Action item - Reproduce all of the records word for word, omitting the pictures.

[Data excerpts]
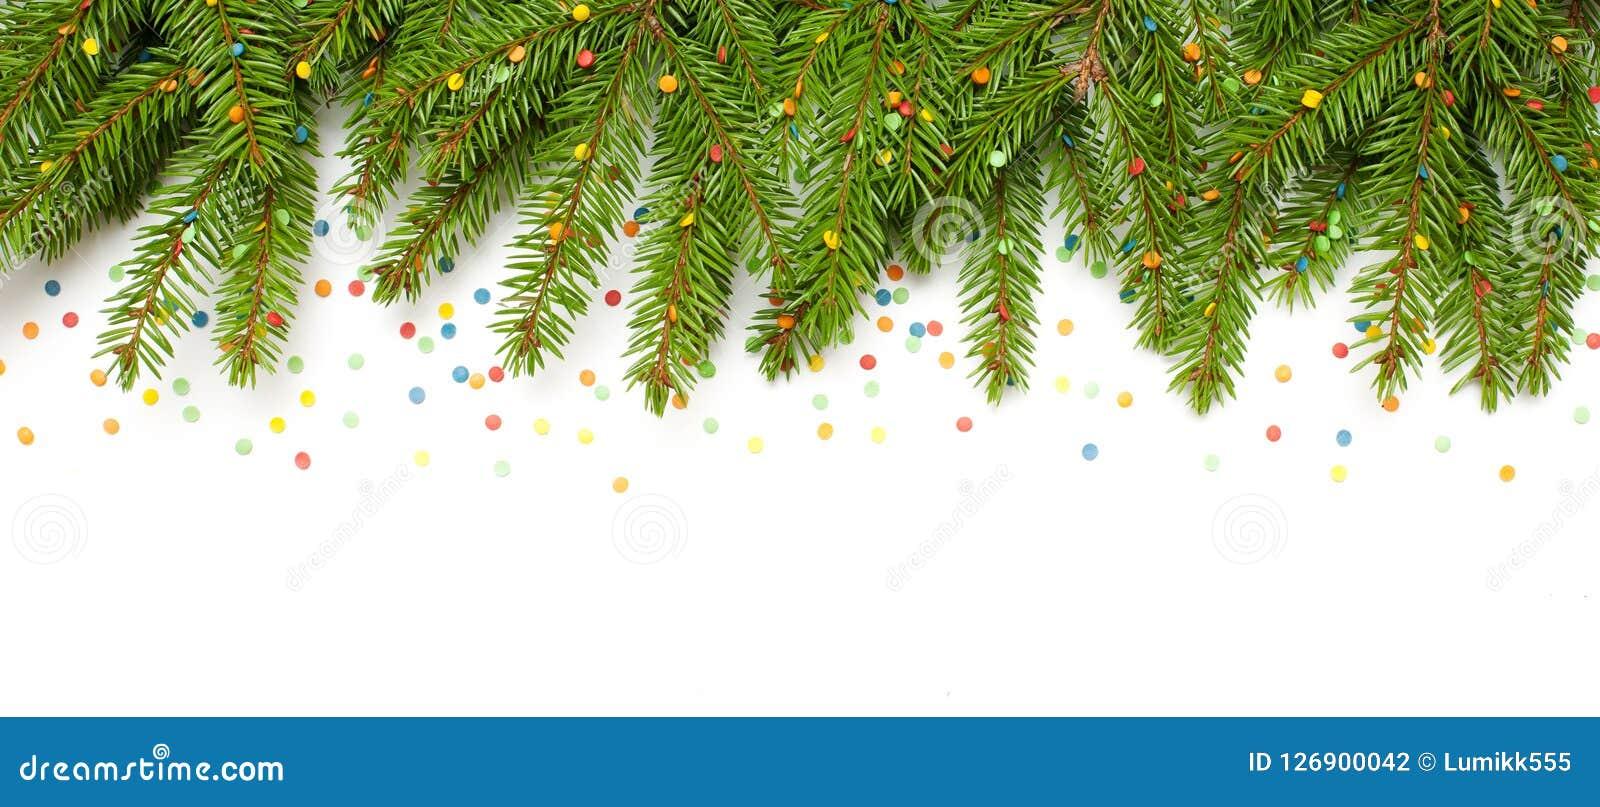 Beautiful Christmas Background Images.Beautiful Christmas Background With Green Fir Tree Branches
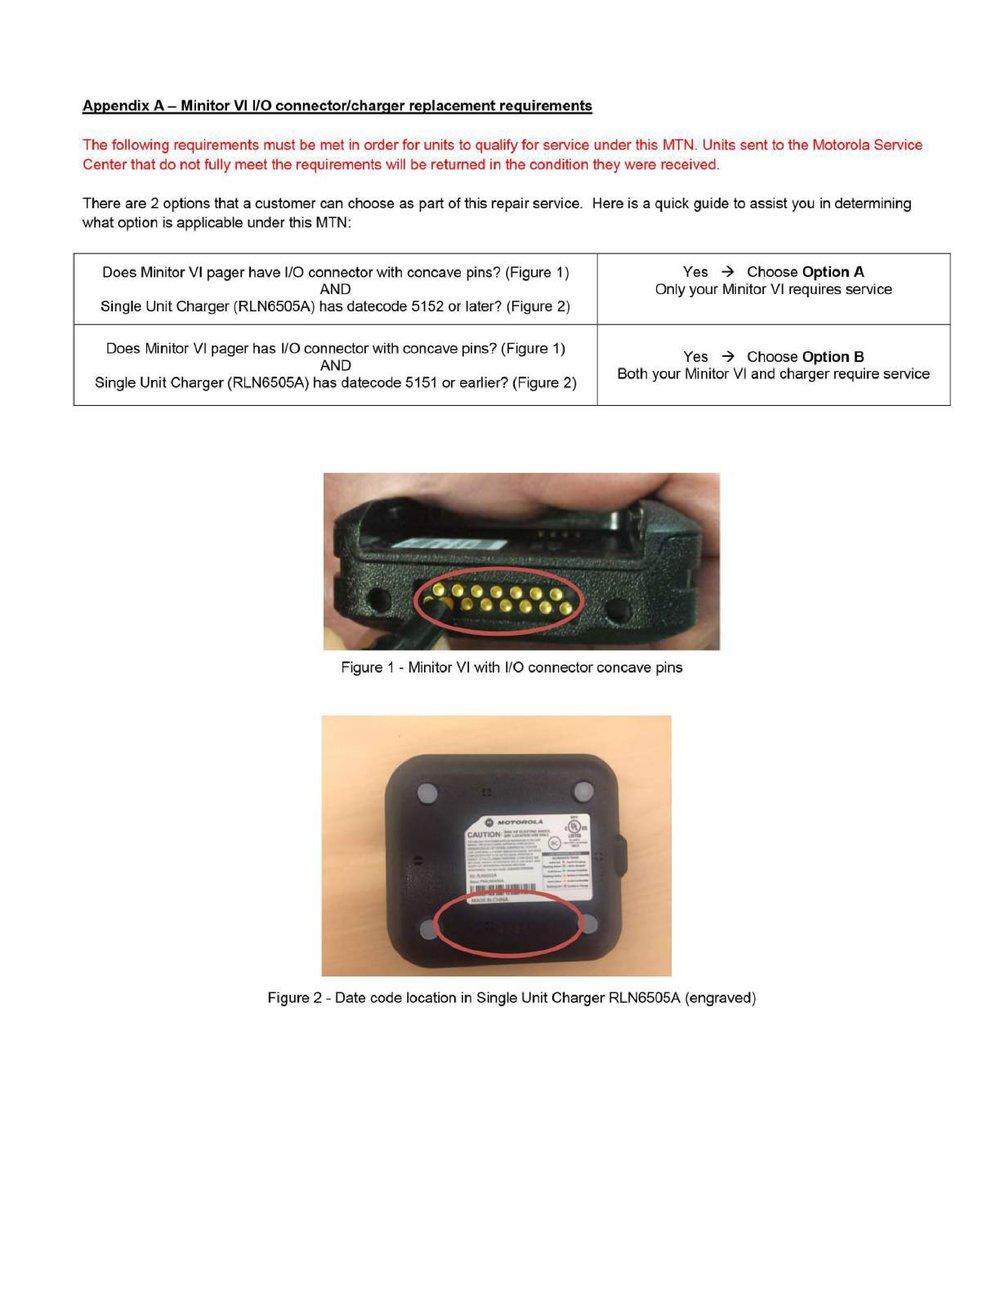 Motorola MTN Instructions_Min_VI Charging_C-page-2.jpg
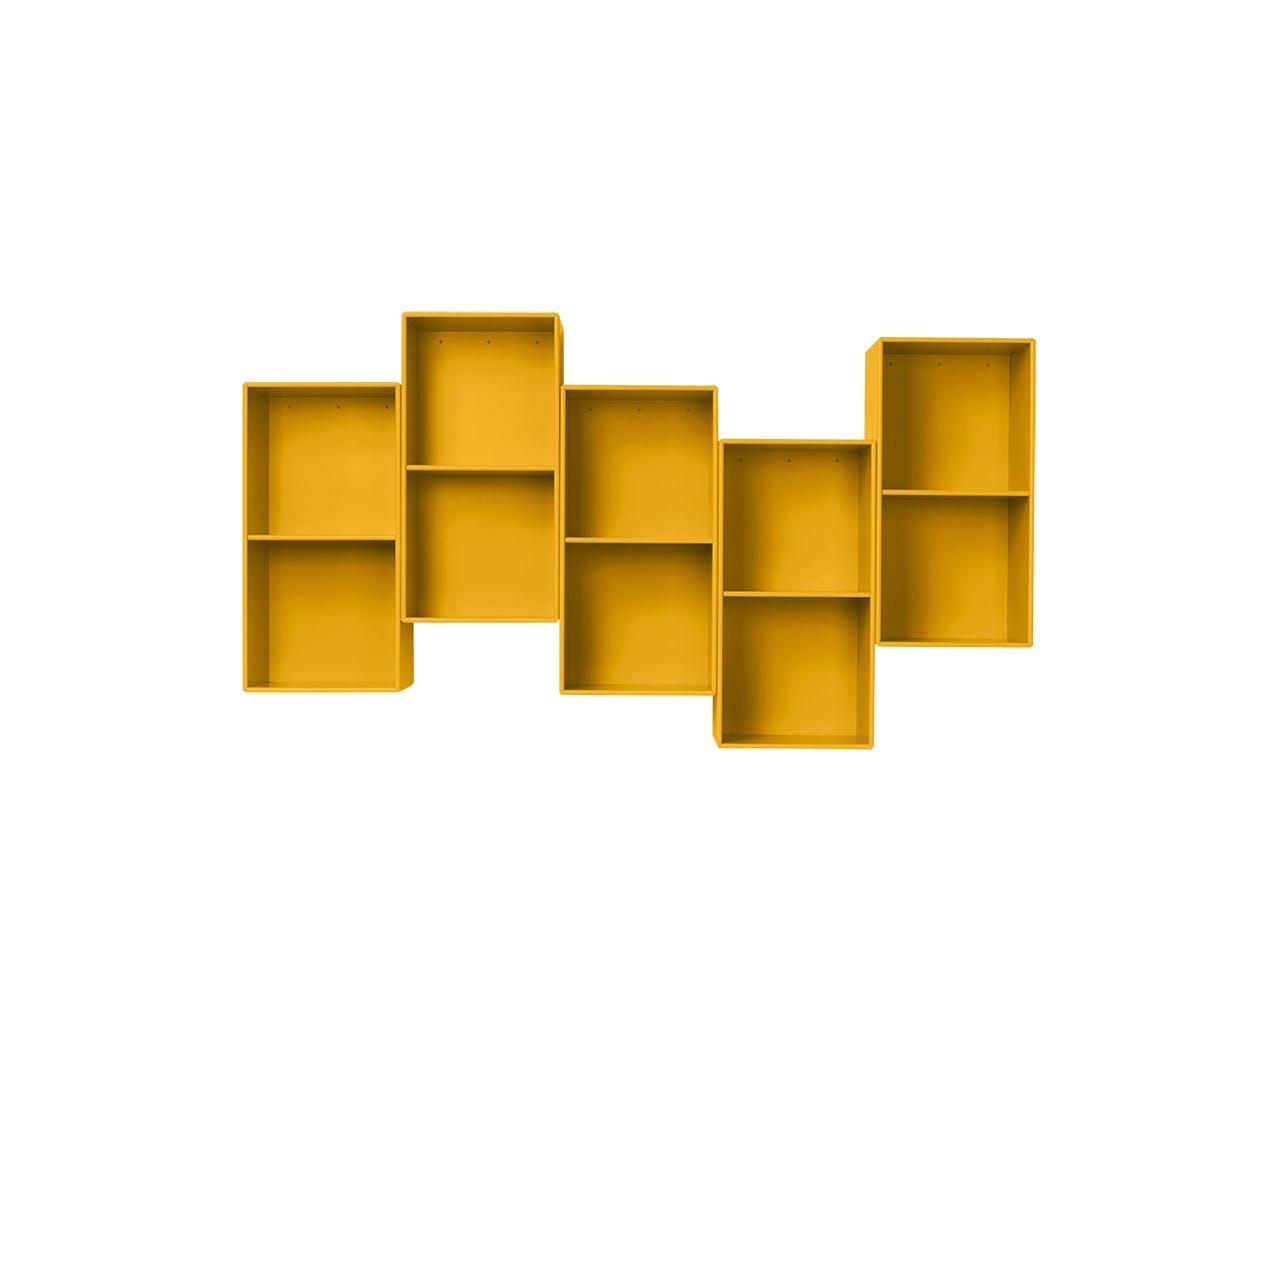 Montana displayhylde i gul
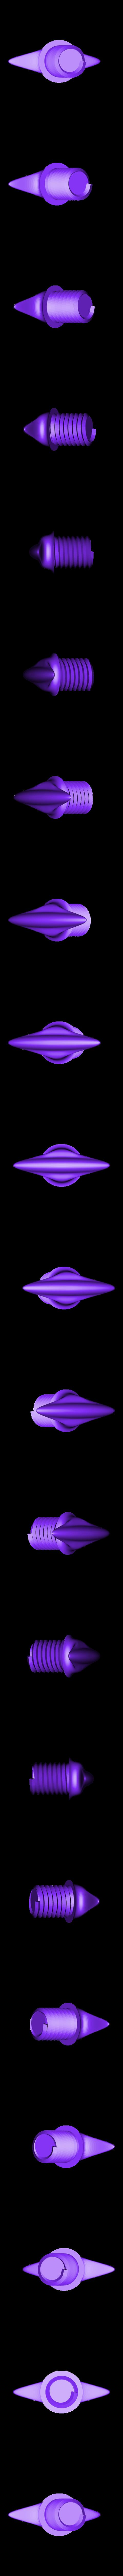 PI_vis.stl Download STL file Anal plug - Stay open • Model to 3D print, 3Dtech
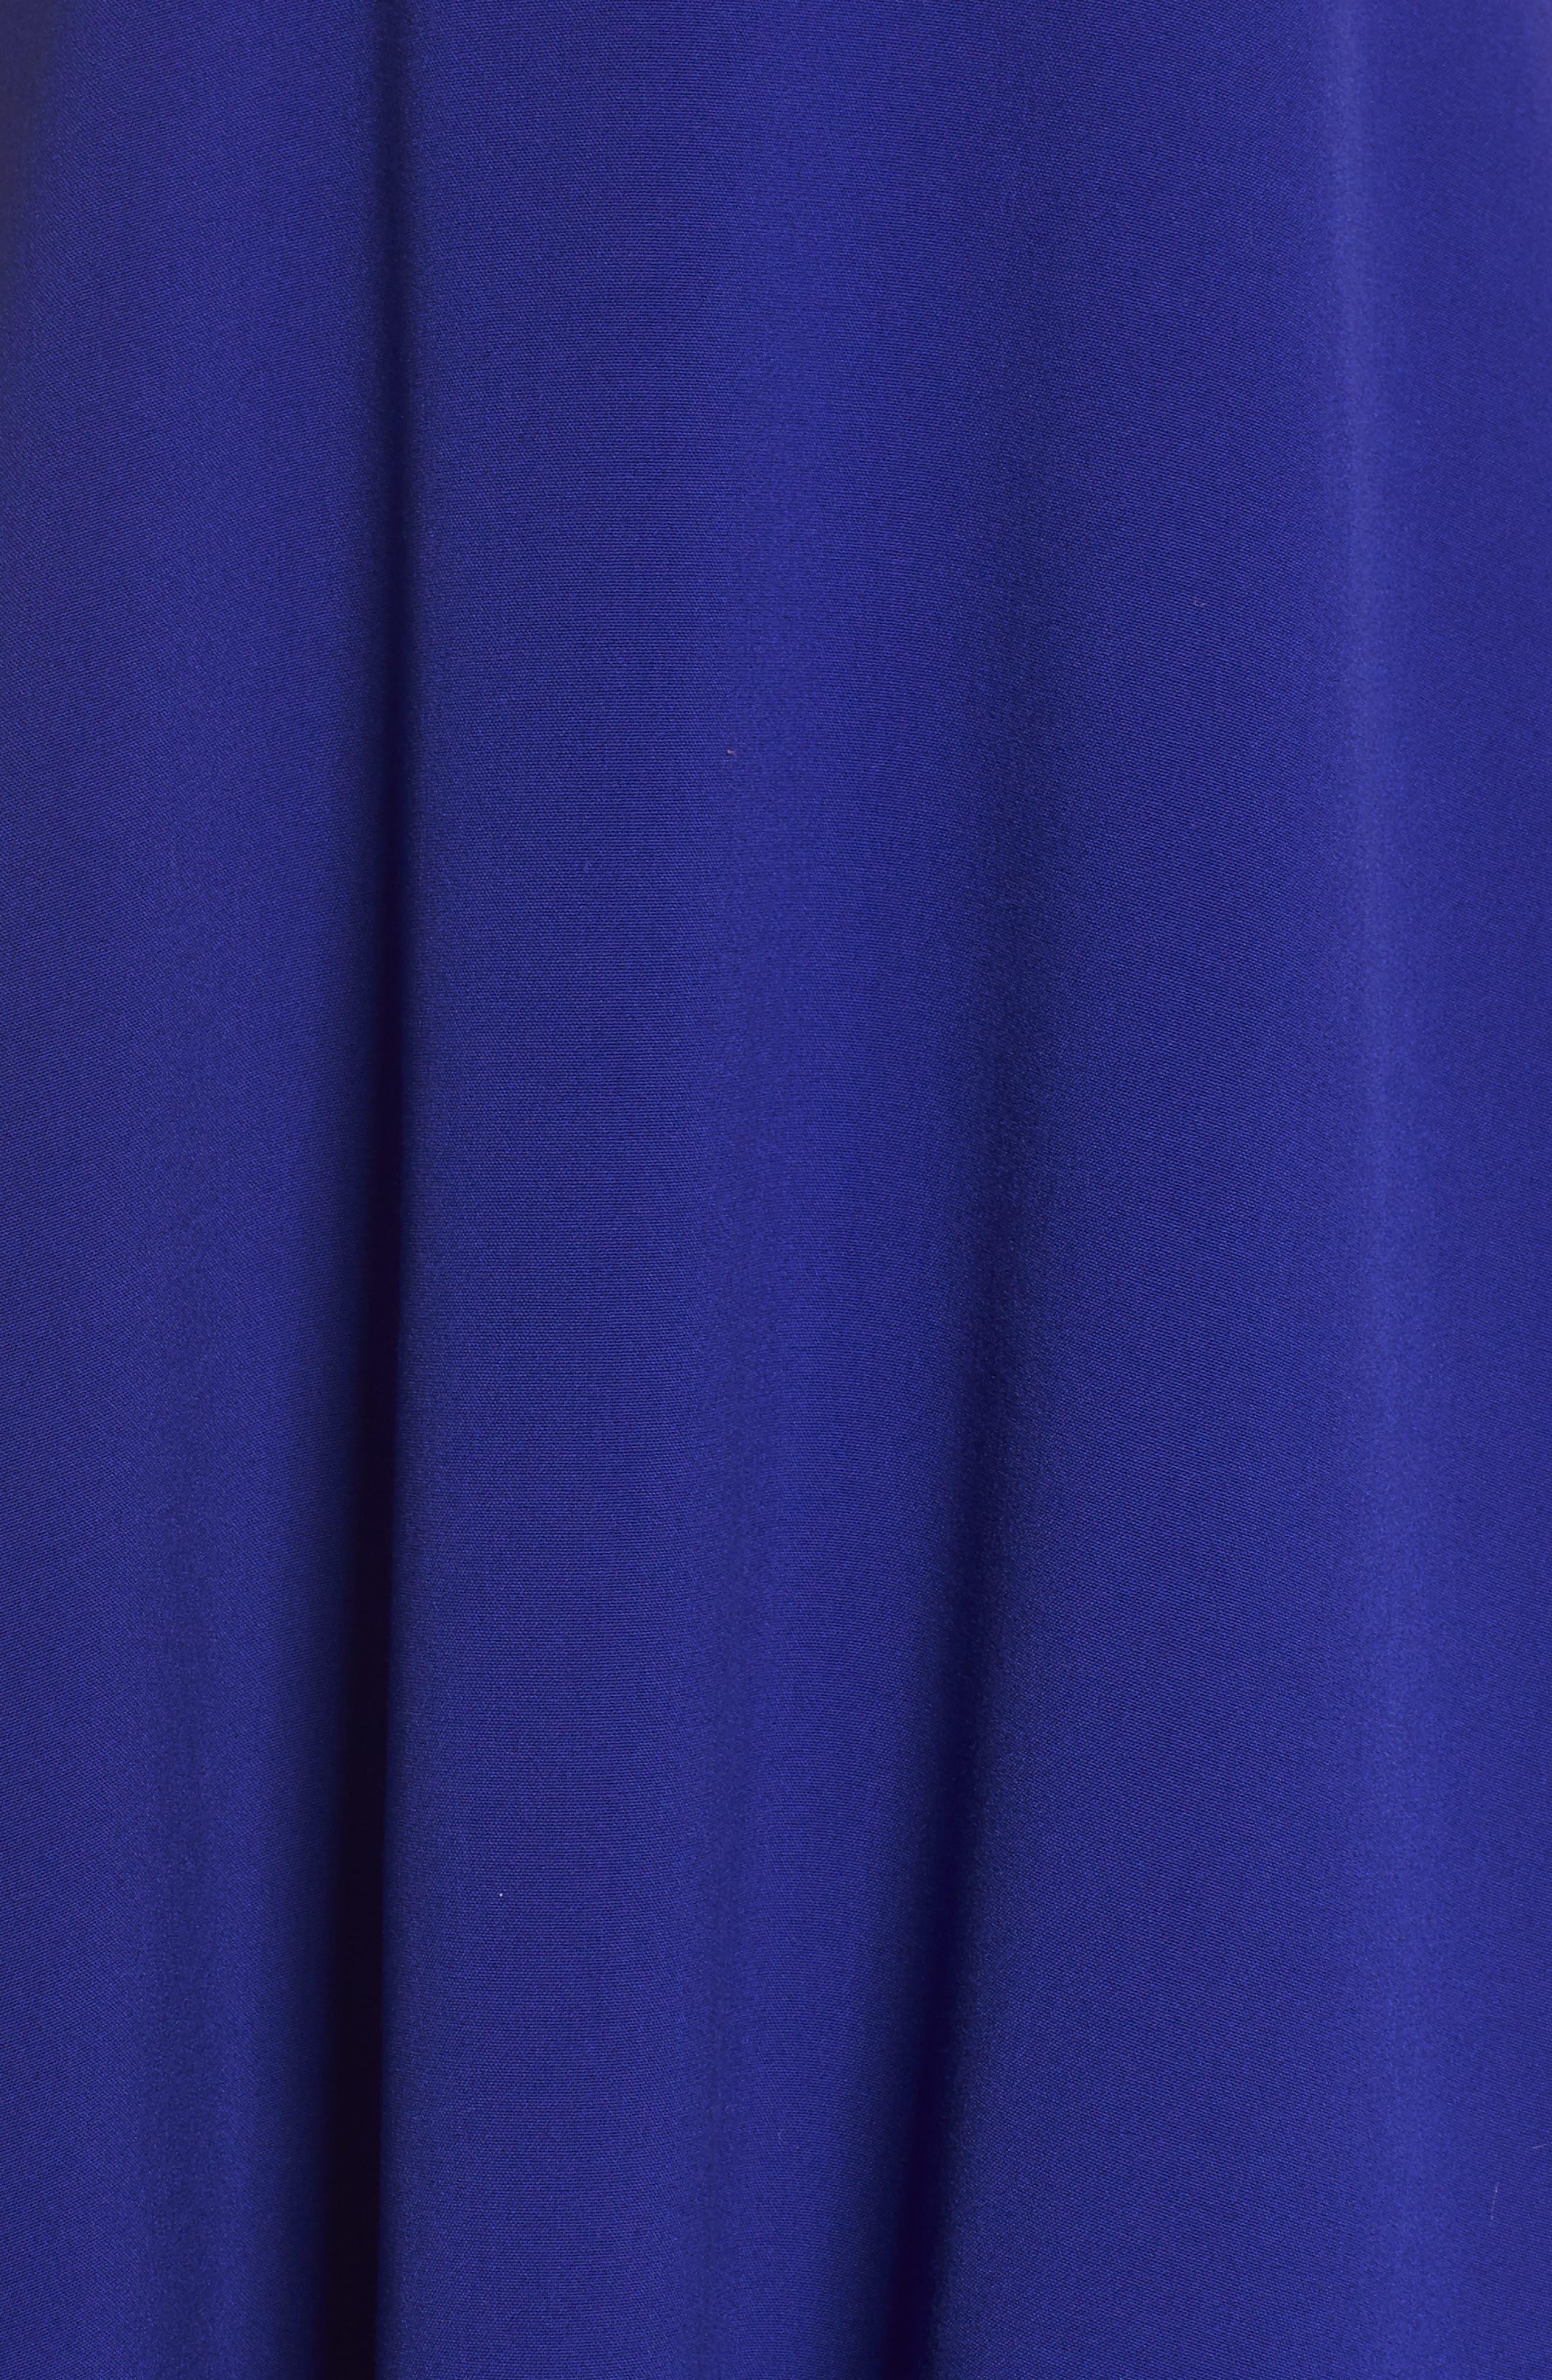 Whisper Ruth Fit & Flare Dress,                             Alternate thumbnail 6, color,                             405

Result -
 Beautiful Christmas Background Images.Beautiful Christmas Background With Green Fir Tree Branches
 Motorola MTN Instructions_Min_VI Charging_C-page-2.jpg
 Montana displayhylde i gul
 PI_vis.stl Download STL file Anal plug - Stay open • Model to 3D print, 3Dtech
 Whisper Ruth Fit & Flare Dress,                             Alternate thumbnail 6, color,                             405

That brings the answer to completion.